A bit of background: While I was living in Papua New Guinea, the official education policy favored vernacular education while encouraging bridging into English in order to allow children the opportunity to engage in higher education which is primarily conducted in English. If that sentence is a bit hard to understand, it basically means that children should learn to read and begin school in the language they already know and then have English taught to them slowly in order to prepare them for future learning. This policy makes sense because with over 850 languages in PNG, there is a need for having a lingua franca but most children aren’t even exposed to English by the time they start school so elementary vernacular education is a necessity. With this policy, the government built their elementary education program which trained teacher to create and produce their own vernacular curriculum based on standardized outcomes. This was a good system in theory. It had some problems but at least the foundation of the policy was correct. However, materials and implementations are huge challenges because the teachers, who are only required to have a grade 10 education themselves, don’t have easy access to materials, resources and other basic necessities in order to facilitate the demands placed on them. Most of the teachers also have a poor level of English themselves so when it comes time to teach their students, they are already at a disadvantage. This was the situation that I was navigating and trying to help my co-workers thrive despite the roadblocks.

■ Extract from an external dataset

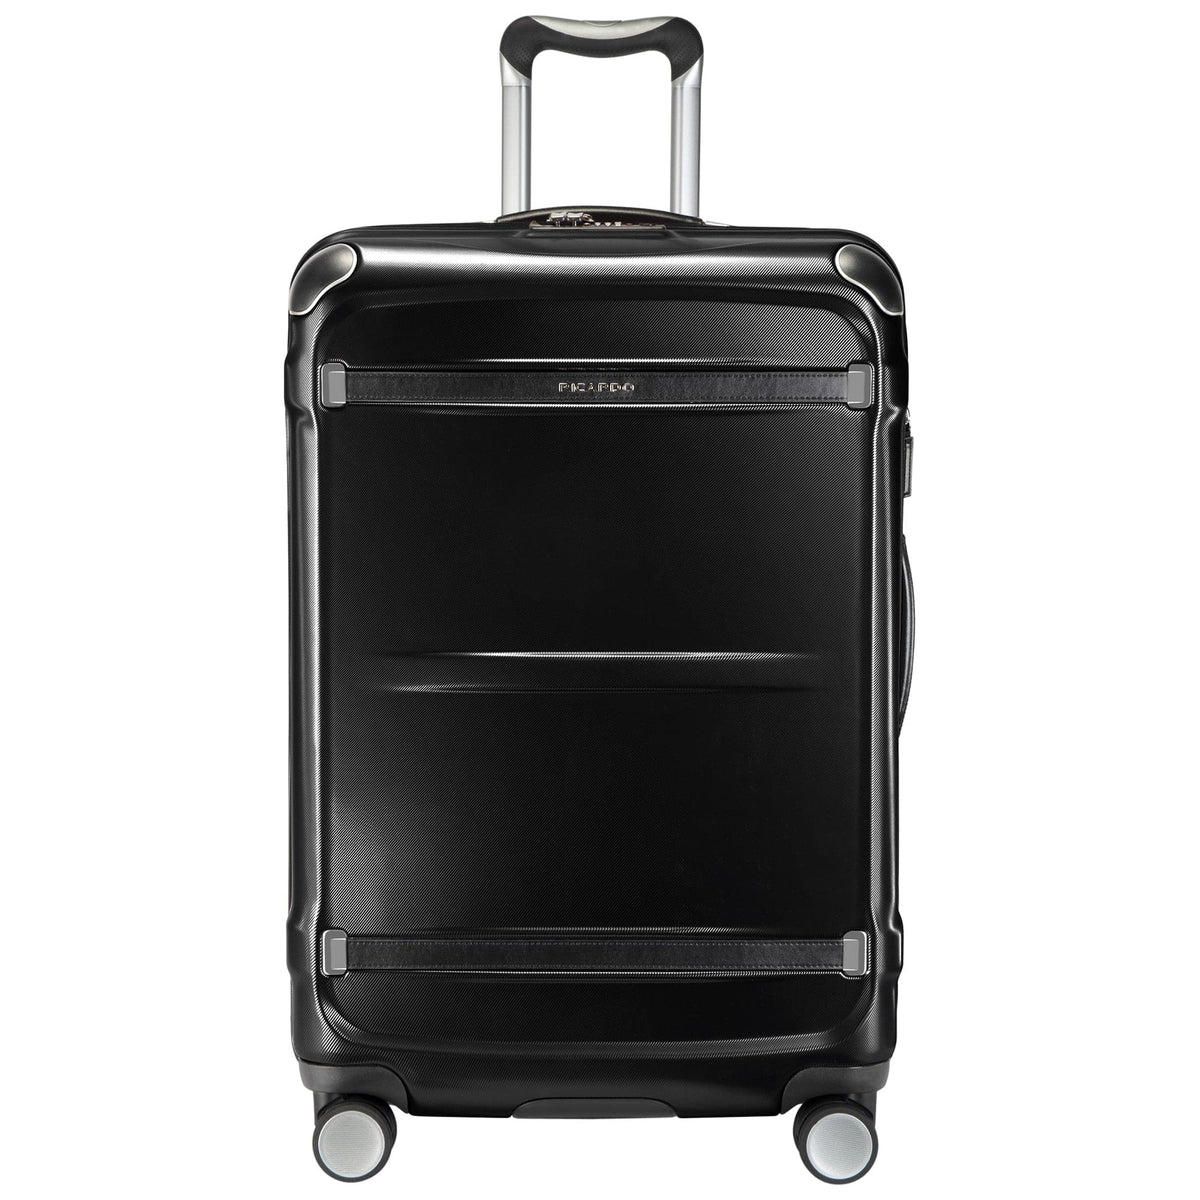 Ricardo Beverly Hills Rodeo Drive Medium Check In Luggage

The Onobasulu situation and my work: Because of the challenges described above, I became a curriculum development facilitator for the Onobasulu elementary school teachers. Instead of everyone doing their own thing, we came together and created a unified curriculum for three years of Elementary. This curriculum included everything the government policy was asking for and more. It allowed the students to learn in Onobasulu but them slowly introduced English with lots of aids and materials to make it easier on the teacher as well. It was also created in such a way that it could hopefully be reproduced and tweaked to fit other language groups. They could gain the benefits of a unified curriculum with a bit less work. And although I did a lot of the computer, printing, organization and grunt work, the end result was something that had the Onobasulu, Papua New Guinean stamp. It was my co-workers and the Onobasulu Elementary school teachers who did the leg work. It was hard work but a huge step ahead for the Onobasulu community. A huge step ahead for all the Onobasulu kids!
The New Education Policy: Yesterday I received an email with the new Papua New Guinea education policy. You can click on the link to read it if you are interested but basically it says that as of this year, all Elementary education will be done in English and English will be taught as a subject. They are blaming vernacular for the poor standard of English in the country. And while there are clauses that give us hope, only allowing the use of vernacular in “exceptional cases” is a far cry from giving children and education in a language they understand. I admit producing English only materials, creating a unified curriculum and providing education in more urban areas are all simplified with the use of English. They also explicitly state that this is an English only policy and not to be confused with using Tok Pisin (an English based pigin which is widely spoken). This sounds good in theory but without teachers who really speak English well, pigin is inevitably going to be used.
My feelings on the subject: It’s a good thing I am writing this today and not yesterday. My first reaction was very angry because this was basically three years of my life and work that I was proud of that the government just told me was no longer valid. Then I was really sad for all my sweet Onobasulu kids who now have even less of a chance at succeeding in formal education because of this policy. And then I just kept running through my head all of the things wrong with the new policy. Like I said before, the vernacular education policy wasn’t perfect and there were huge hurdles to overcome. However, the science and research behind it was sound. Children who are educated in the language they know and understand best while learning another language as a subject, in the end end up with a better knowledge and grasp of both languages and they also retain more of the other subjects they learned because they could understand what the teacher was saying. And the teachers already have such poor level of English that they are also at a disadvantage. At this point I am just shaking my head.
Moving forward: SIL and Wycliffe are still committed to vernacular Education and hopefully the Onobasulu schools will be able to continue using the vernacular materiels. The idea is just to give the schools another name and keep teaching in vernacular until the policy changes again. There are enough people in PNG on the ground who realize the misguided nature of this new policy so hopefully it will swing back and change once again. But for me I will just sit back and watch from California and pray for the schools, the educators, the policy makers and the children. Please join me in praying for insight and change.